Can the brain as a control center be "short-circuited" through the disruption of neurohormone messages? The discovery and structure elucidation of insect neurohormones are proceeding now at a rapid rate and set the stage for answering such a question.

Critical Insect Brain Chemicals

Insects are highly specialized animals, and many aspects of insect physiology are by nature unique in the animal kingdom. A few examples illustrate the types of unique processes which may be vulnerable to future insecticides.

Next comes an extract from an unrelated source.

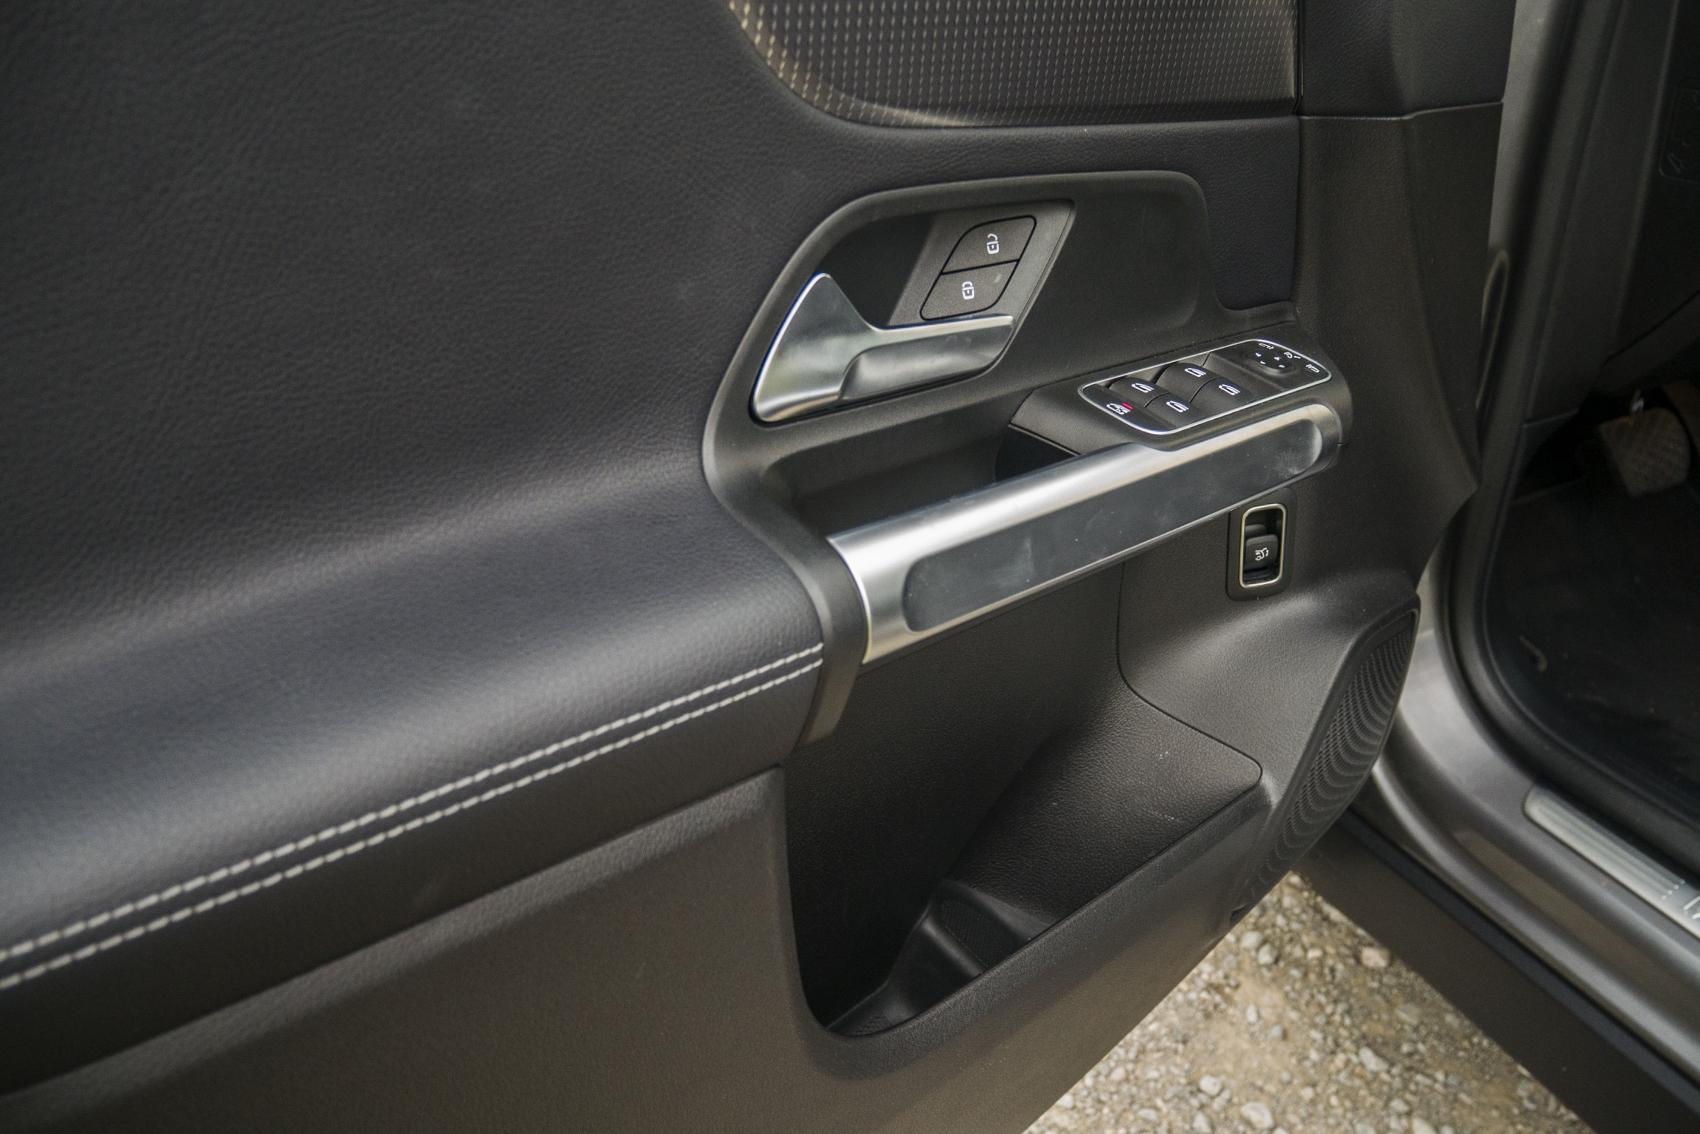 Test: Mercedes GLB 200 ponúka veľký priestor v malom balení 2eWK2I09zO mercedes-glb-30-1700x1134

An obvious distinguishing feature of insects is their hard outer shell or exoskeleton. To grow and change form from larva to adult, a multi-step developmental process known as molting occurs in which the insect emerges from its outer shell several times on its way to becoming a reproductive adult. The timing and form of each new growth stage is programmed by two brain neurohormones which trigger the release of developmental hormones from specialized glands. The neurohormone, "PTTH," released from the brain causes the secretion of the molting hormone from the prothoracic gland. A second neurohormone, "allatotropin," activates the secretion of juvenile hormone from the corpus allatum, a pituitary-like gland directly behind the brain. By regulating the relative levels of juvenile hormone and molting hormone in the blood, the brain determines whether the insect continues its development as a larva or if it is to undergo metamorphosis to the adult form. It is likely that any disruption of the PTTH or allatotropin commands from the brain would prove lethal to the developing insect.

Another vital function associated with the molting process is the hardening and darkening of the exoskeleton. For a time immediately following the shedding of the old cuticle, the insect is soft and vulnerable. To speed the hardening of the new cuticle, the brain sends a neurohormone signal called bursicon to the integument where it catalyzes the appropriate biochemical reactions. Inhibition of bursicon release from the brain would effectively prolong the helpless, vulnerable state the insect finds itself in just after the molting process.

Reproductive processes also are driven by brain neurohormone commands. For example, reproductive females attract males through the release of volatile pheromones into the air from specialized abdominal glands. The brain initiates pheromone release by issuing a recently discovered neurohormone to activate the glands. Egg maturation also depends on a newly discovered neurohormone command from the brain.

Such examples show the importance of critical brain neurohormones that serve as high level command signals to the glandular system. These result in hormonally induced physiological states in the insect. It is the goal of researchers today to devise methods of altering these brain chemicals for the purpose of controlling pest insects.

Altering Insect Brain Chemistry

The basic idea involves changing the level of a particular brain chemical, either to cause overabundance or depletion and to thereby disrupt coordination systems vital to insect survival. The most direct method would be to flood insect systems with chemical analogs that mimic the actions of particular brain chemicals. The conventional insecticide nicotine acts this way on neurotransmitter receptors in the nervous system. An alternative method involves inhibition of enzymes regulating the levels of neurotransmitters in the nervous system, exemplified by the anticholinesterase insecticides.

These conventional insecticides operate in precisely the way we have envisioned for those of the future, namely to upset delicate levels of brain chemicals. But the conventional insecticides have the disadvantage of being very toxic to humans and non-target organisms as well as to insects. Efforts are now under way to direct future control agents toward brain chemicals, neurohormones, which serve as command signals for hormonal triggers in the insect endocrine system. By focusing on insect-specific neurohormones, it is hoped that problems of general toxicity to nontarget organisms will be avoided.